Murf’s clients have used it in a variety of ways, including advertising, audiobooks, explainer videos and e-learning. Murf.ai, its SaaS platform, was developed to make it easier for clients to create high-quality natural-sounding voiceovers for any commercial purpose. The company’s clients range in size from individual content creators to SMBs and enterprises, and work in sectors like education, corporate, healthcare, media and entertainment, marketing, advertising, podcasting, customer support and more. 

Edkie told TechCrunch that content creators and marketing teams often record voiceovers themselves, or outsource the entire process, both of which are “cumbersome, expensive and time-consuming.” Murf, on the other hand, lets users generate “human-like” voiceovers without needing to buy recording equipment or hire a voice artist. 

The company also wants to remove limitations on what text-to-speech can do. “While TTS has been around for quite some time now, limitations in voice quality have restricted its usage.

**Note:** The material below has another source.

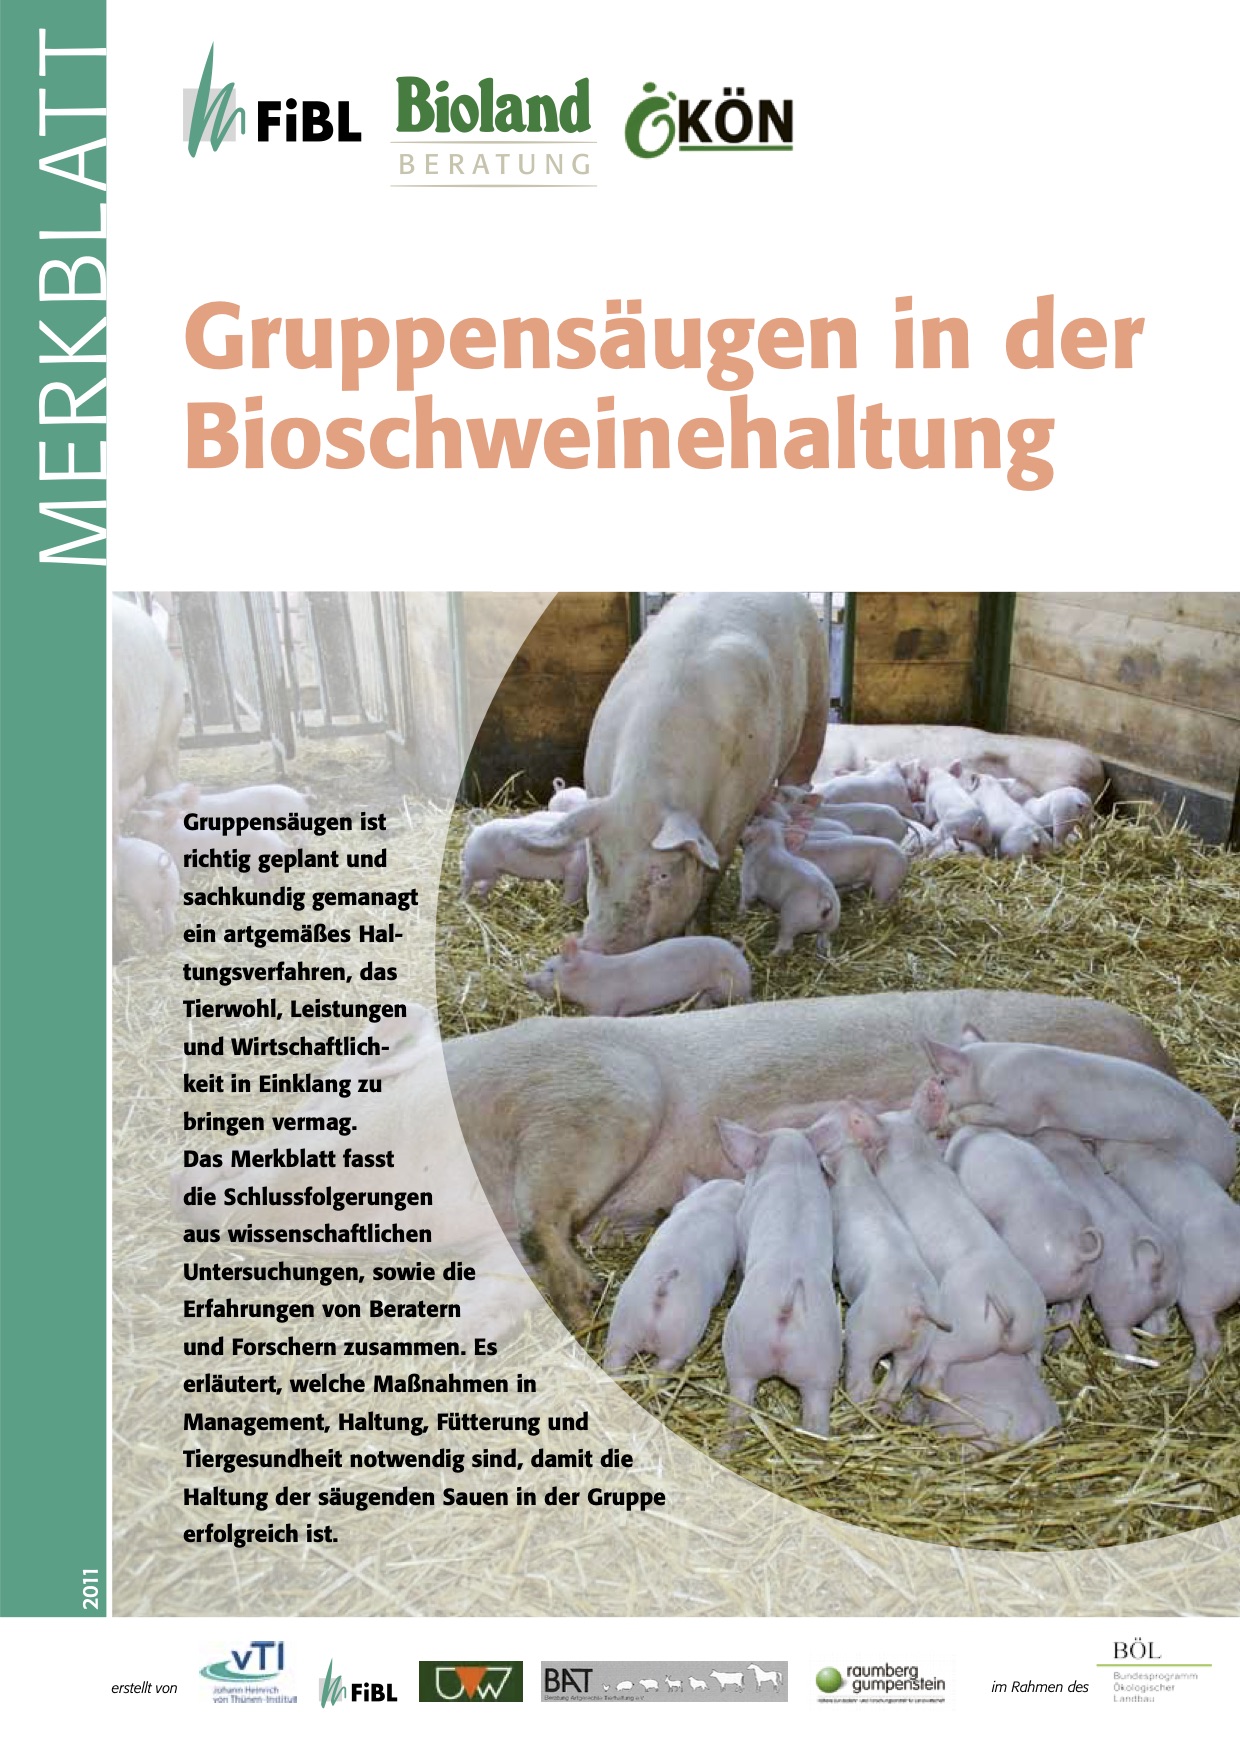 Lactancia en grupo en la cría de cerdos ecológicos (FiBL Factsheet)
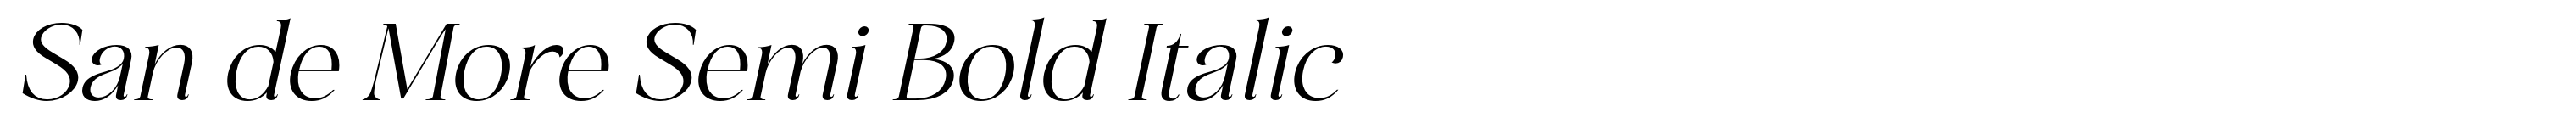 San de More Semi Bold Italic

By leveraging recent advances in AI and deep learning, we are making it possible to create high-fidelity synthetic voices that mimimize the natural prosody and pronunciation of human speech.”

Murf’s platform includes an AI-enabled SaaS tool that helps users generate “human-like” voices, typically for use in videos or presentations, without having to procure complex and costly recording equipment or hiring a voice artist. Content creators can use an online voice recording booth, where they can sample a wide array of speaking styles. Murf wants to bridge diversity gap in traditional text to speech platforms by including voices across accents, like African American, British, Australian and others. 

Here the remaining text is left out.